I'm not sure I agree with this. InstCombine/InstructionSimplify are also very complex, and if you look at my reply to Michael, simplifying these cases is not straightforward. I don't think we want, or can, have InstCombine be an "un-vectorizer". I just doesn't make sense to vectorize these trivial induction variables in the first place.

================
Comment at: lib/Transforms/Vectorize/LoopVectorize.cpp:2189
@@ +2188,3 @@
+
+  // We can't create a vector with less than two elements.
+  assert(VF > 1 && "VF should be greater than one");
----------------
mkuper wrote:
> mssimpso wrote:
> > mkuper wrote:
> > > mssimpso wrote:
> > > > mkuper wrote:
> > > > > This looks a bit weird to me.Do you have a test-case where this works, but instcombine fails to simplify the regular step vector?

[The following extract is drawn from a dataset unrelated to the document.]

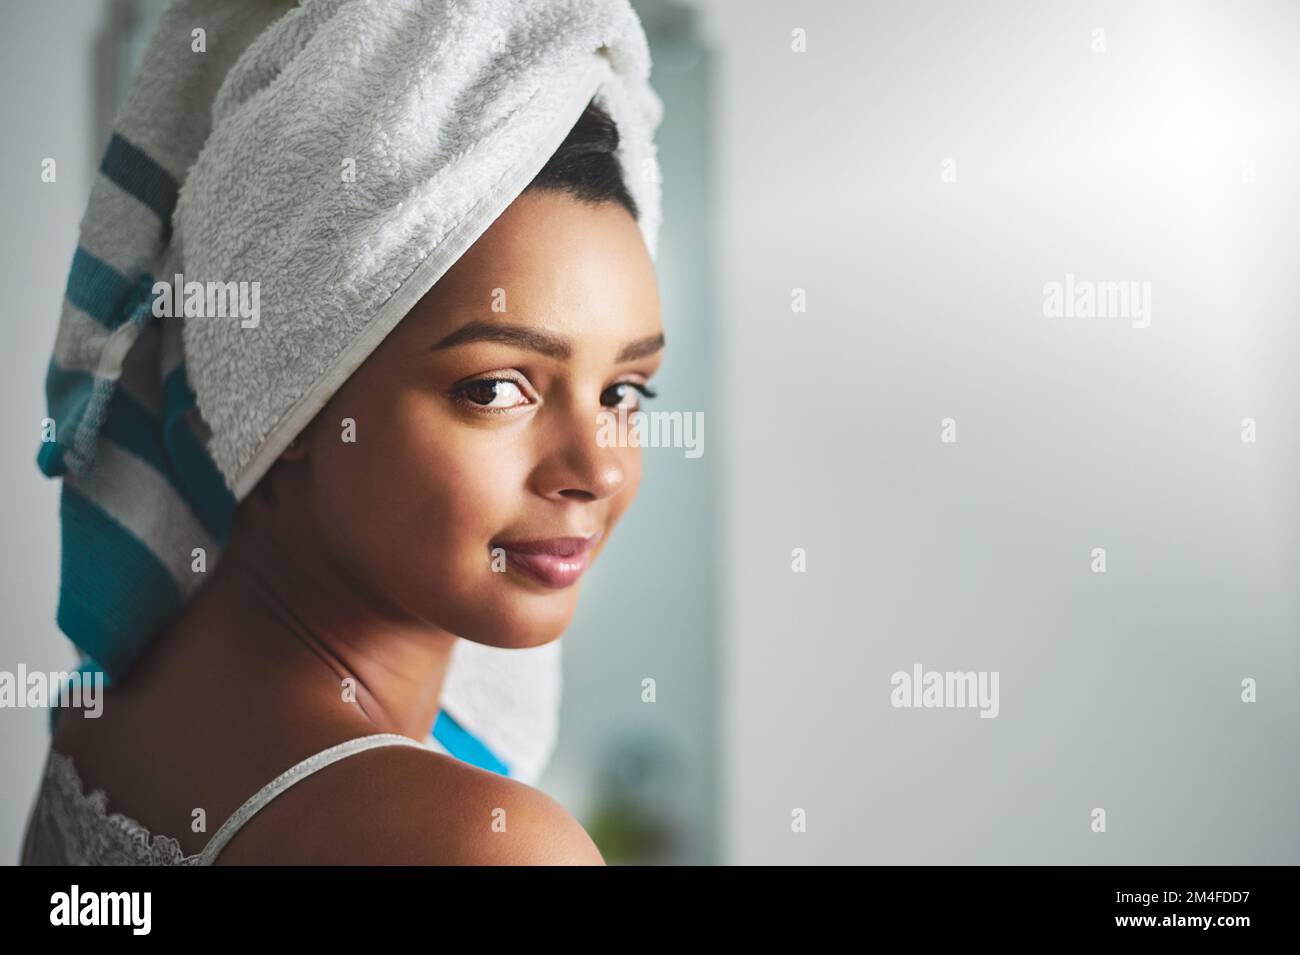 La bellezza naturale è il migliore tipo di bellezza. Ritratto di una giovane donna attraente in piedi nel bagno a casa. Foto Stock

> > > > > Perhaps it would be better to fix instcombine, I can look into it.
> > > > > 
> > > > > In any case, that shouldn't block the rest of the patch - (a) not widening the phi when the uses are trivial, and (b) using the scalarized step vector instead of the regular one should be independently good, right?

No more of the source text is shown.